R: Oja Ranks - Affine Equivariant Multivariate Ranks
ojaRank
R Documentation
Oja Ranks – Affine Equivariant Multivariate Ranks
Description
The function computes the Oja rank of a point x w.r.t. a data set X or, if no
point x is given, the Oja ranks of all points in X.
Usage
ojaRank(X, x = NULL, p = NULL, silent = FALSE, na.action = na.fail)
Arguments
X
numeric data.frame or matrix containing the data points as rows.
x
NULL or a numeric vector, the point for which the Oja rank should be computed.
p
NULL or a number between 0 and 1 which specifies the fraction of hyperplanes to be used for subsampling. If p = 1, no subsampling is done.
If p = NULL, the value of p is determined based on the size of the data set. See details.
silent
logical, if subsampling is done or the expected computation time is too long, a warning message will be printed unless silent is TRUE. The default is FALSE.
na.action
a function which indicates what should happen when the data
contain 'NA's. Default is to fail.
Details
The function computes the Oja rank of the point x w.r.t. the data set X or, if no x is specified, the Oja ranks of all data points in
X w.r.t. X. For a definition of Oja rank see reference below.

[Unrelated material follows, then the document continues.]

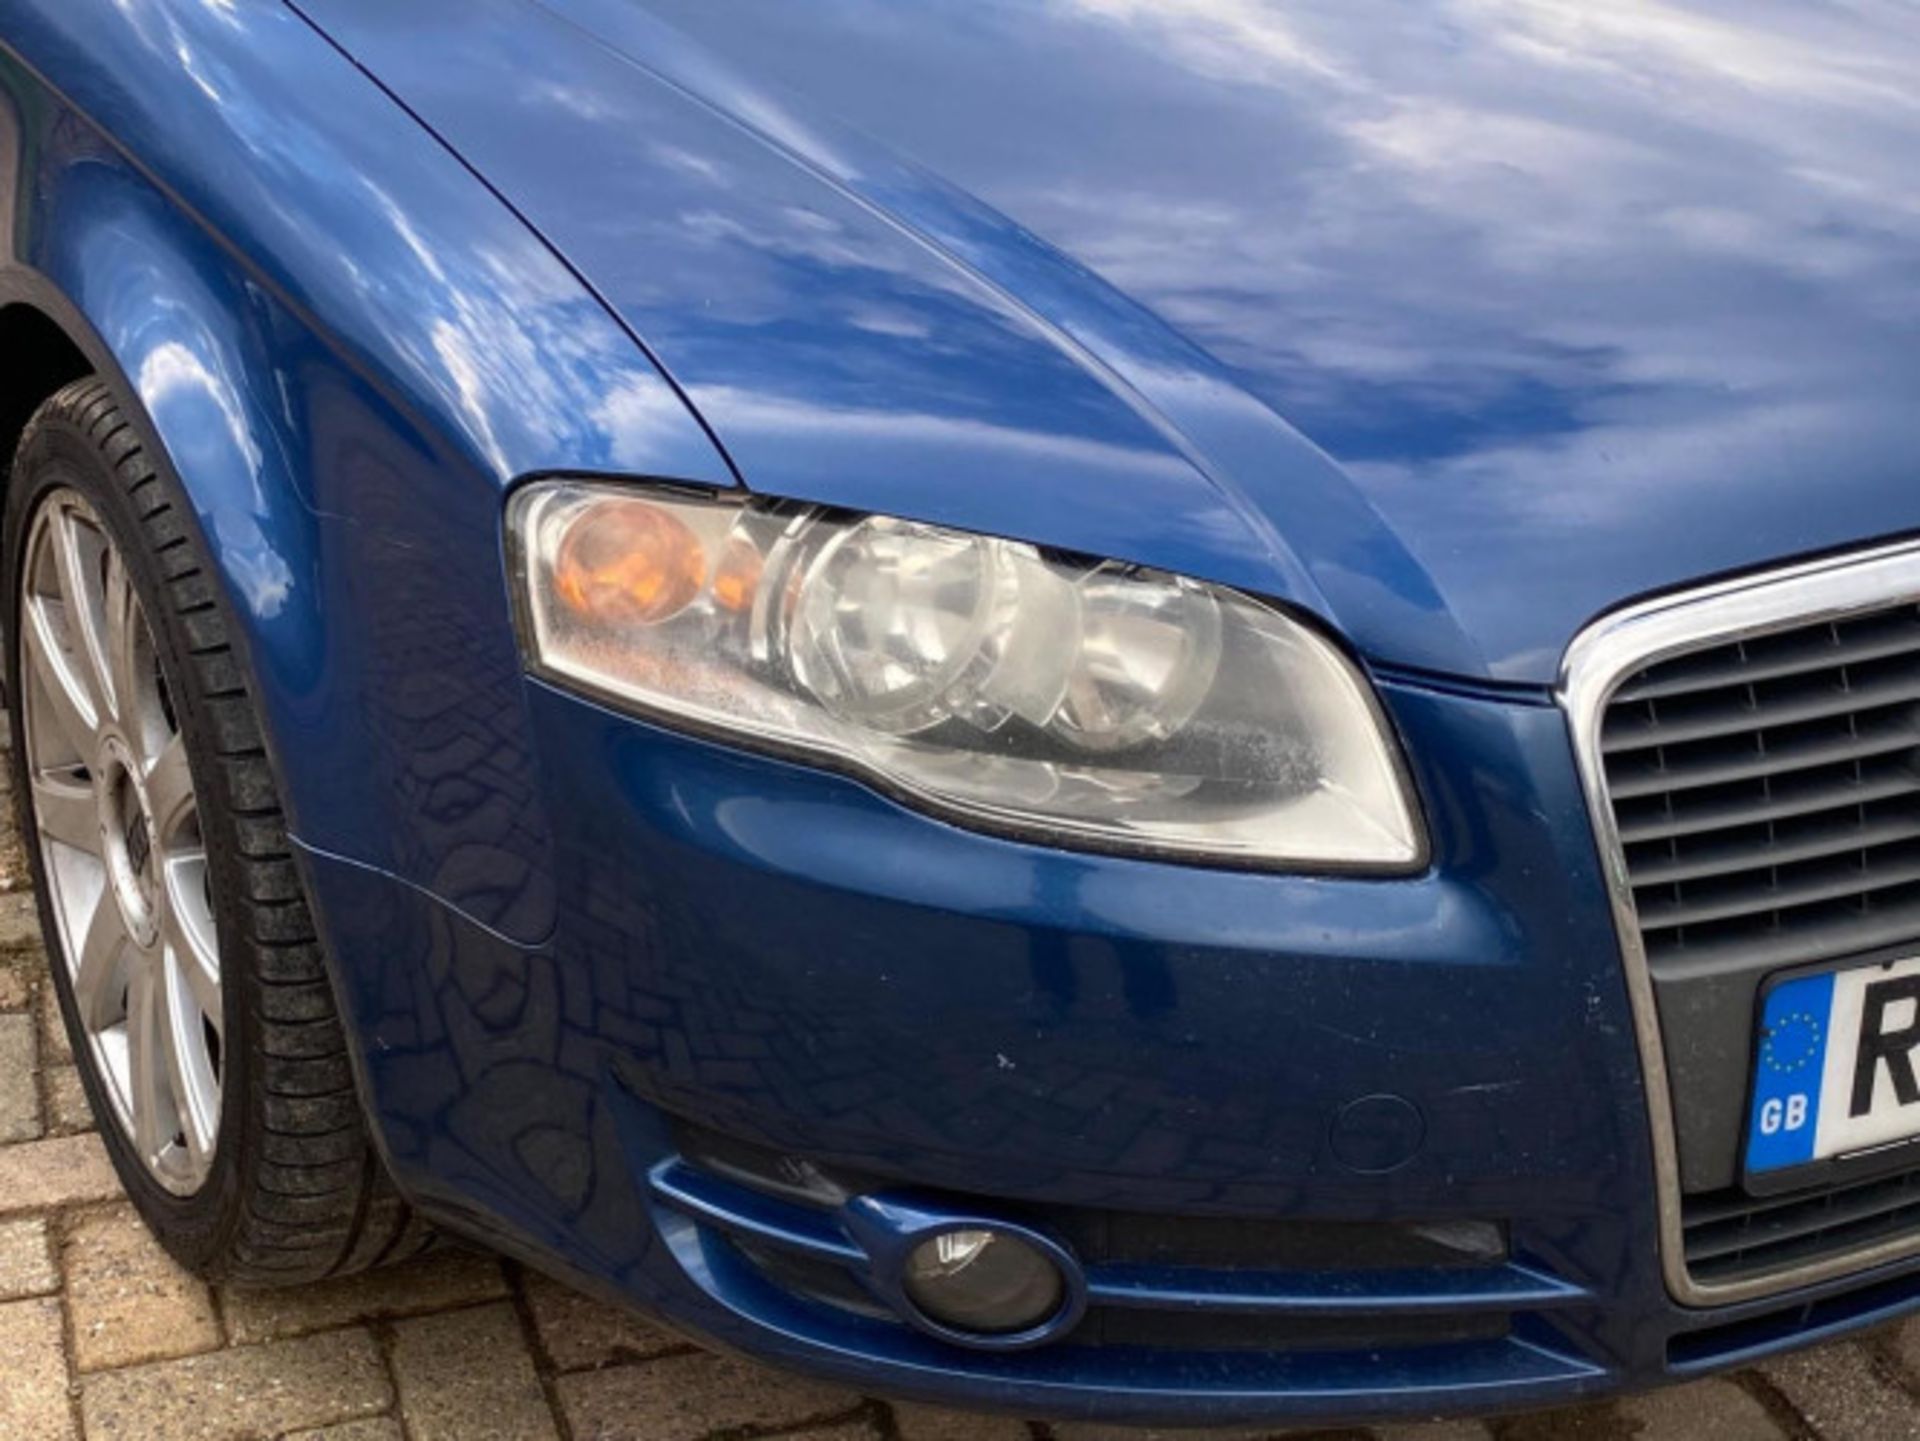 AUDI A4 AVANT 1.9 TDI SE 5DR ESTATE - RARE AND RELIABLE LUXURY WAGON >>--NO VAT ON HAMMER--<< - Image 85 of 97
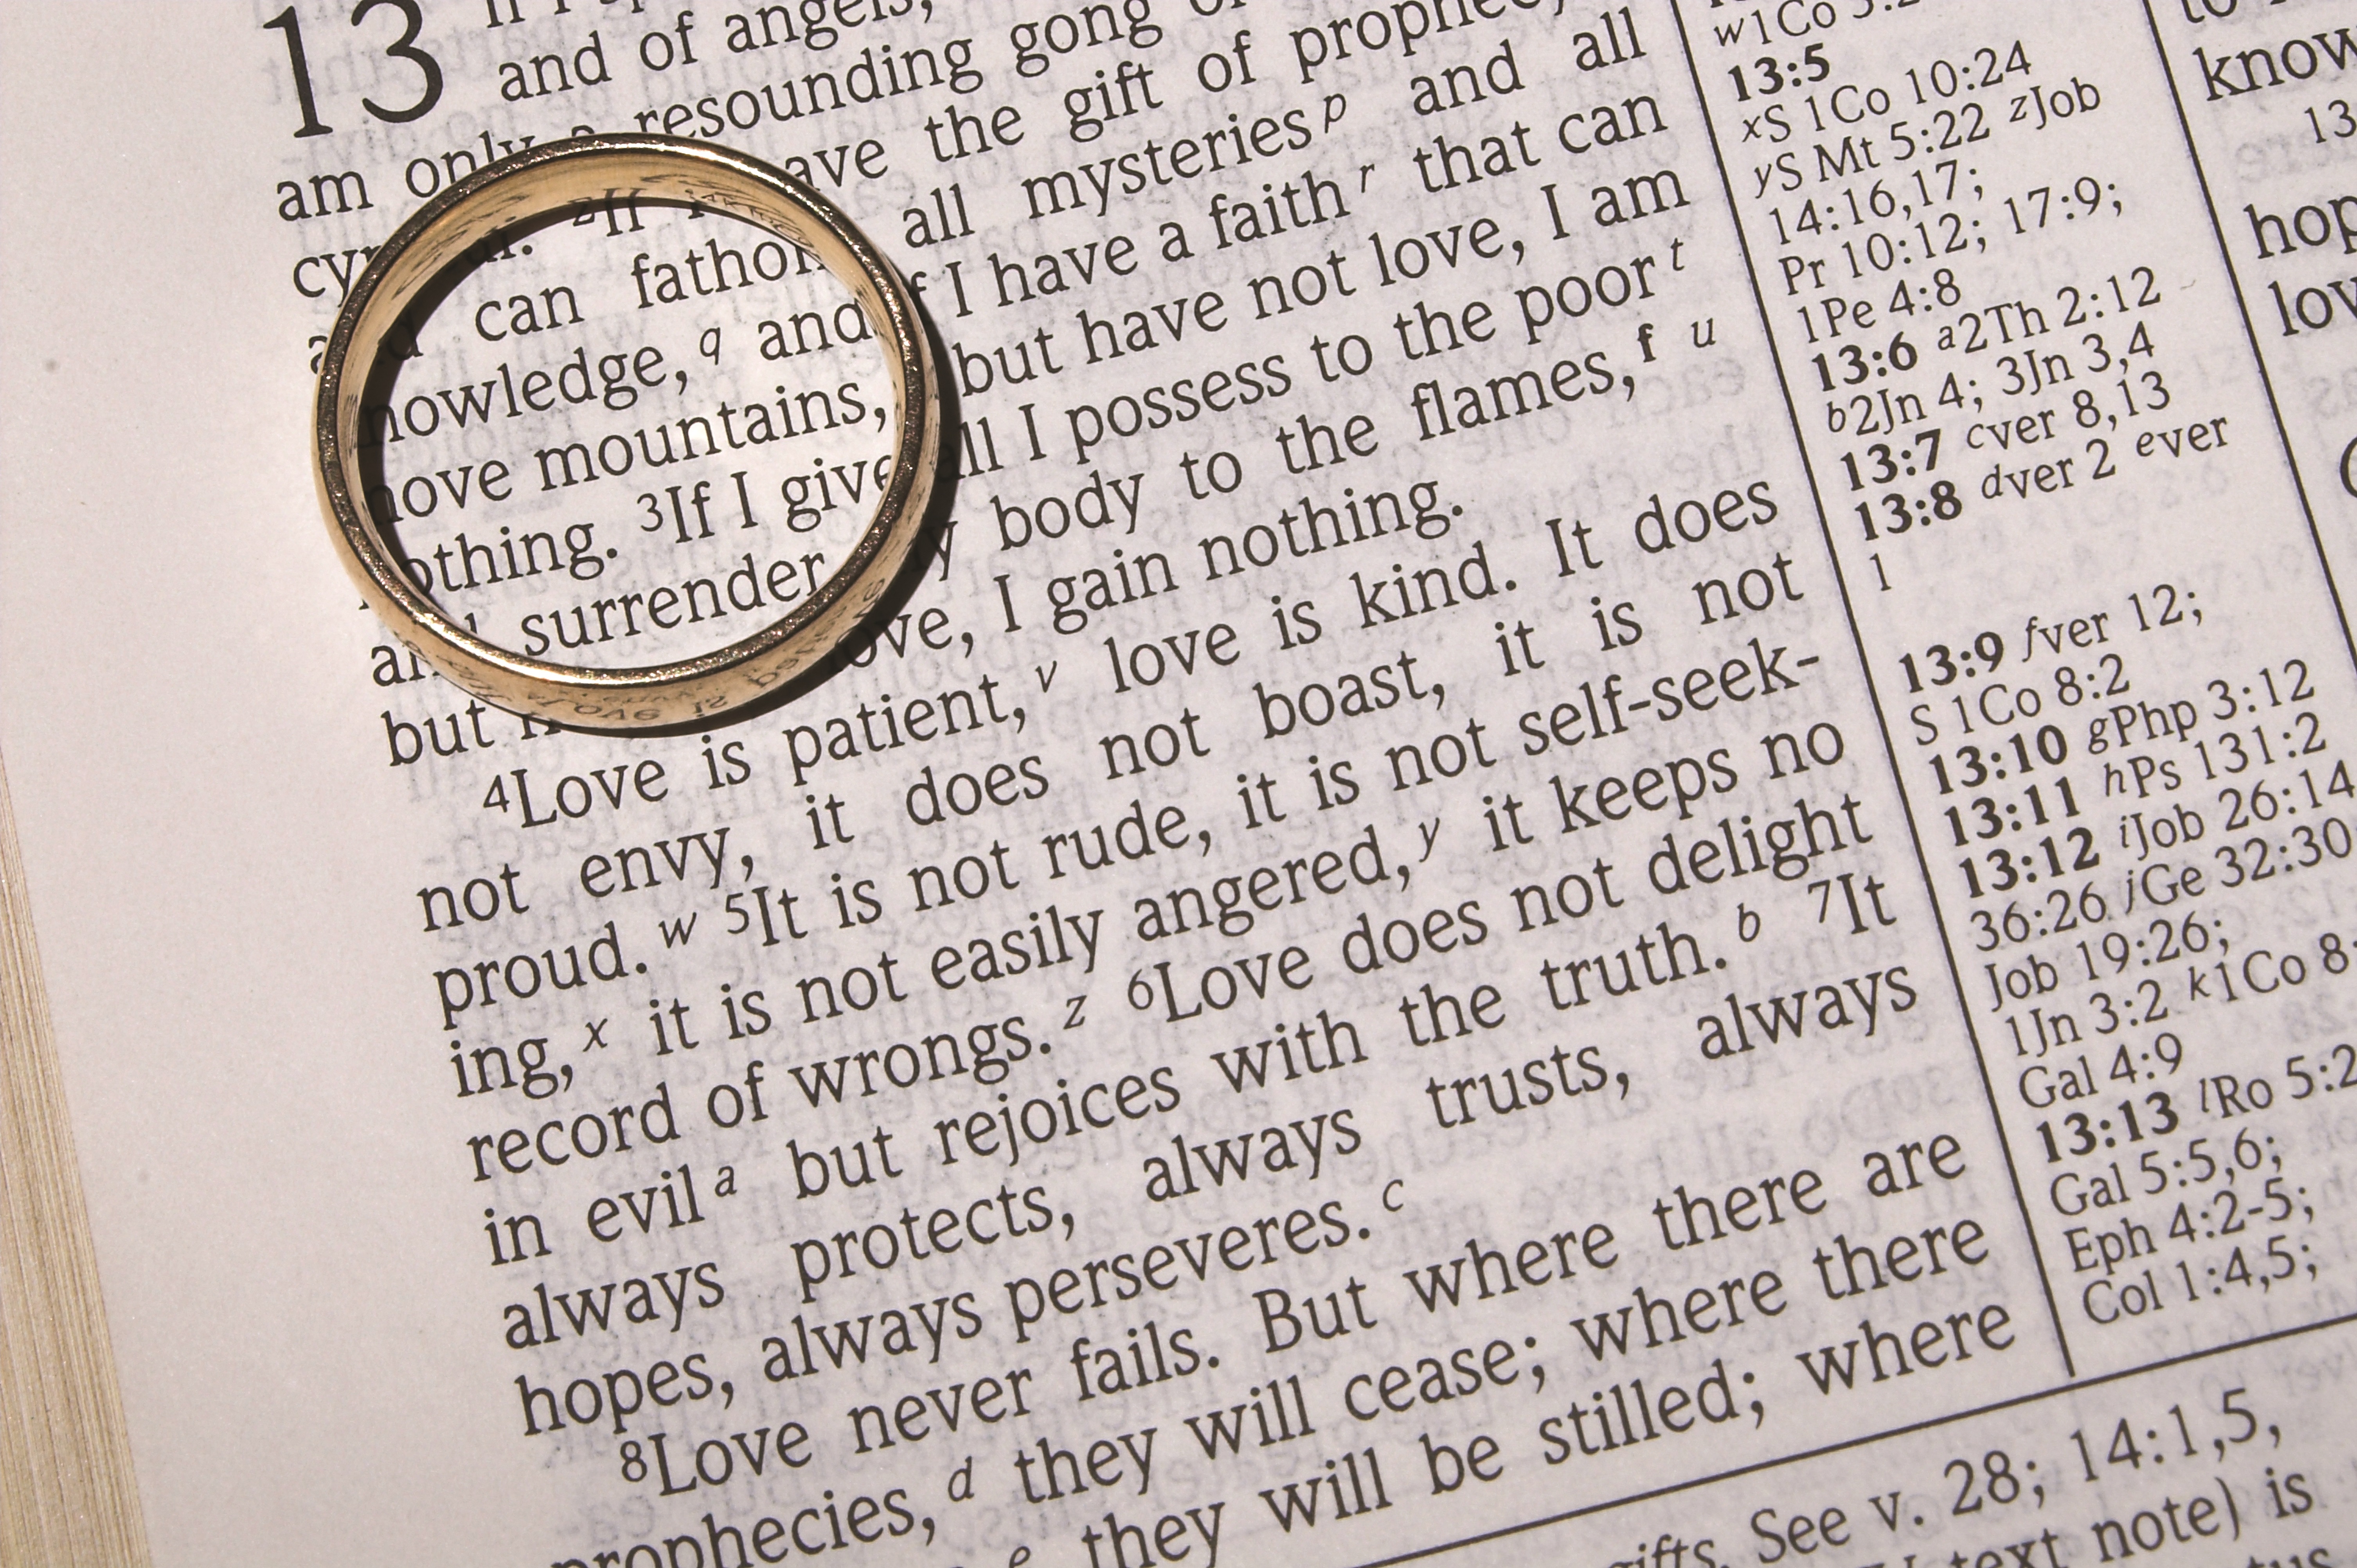 A close up of the Bible open at 1 Corinthians 13 with a wedding ring on the text

The matrix X needs to have at least as many rows as columns in order to give sensible results.
The vector x has to be of length ncol(X).
If x is specified, a vector of length ncol(X) is returned. Otherwise the return value is a matrix of the same dimensions as X where the i-th row contains the
Oja rank of the i-th row of X.
The function will also work for matrices X with only one column and also vectors. Then centered and normalized (univariate) ranks are returned.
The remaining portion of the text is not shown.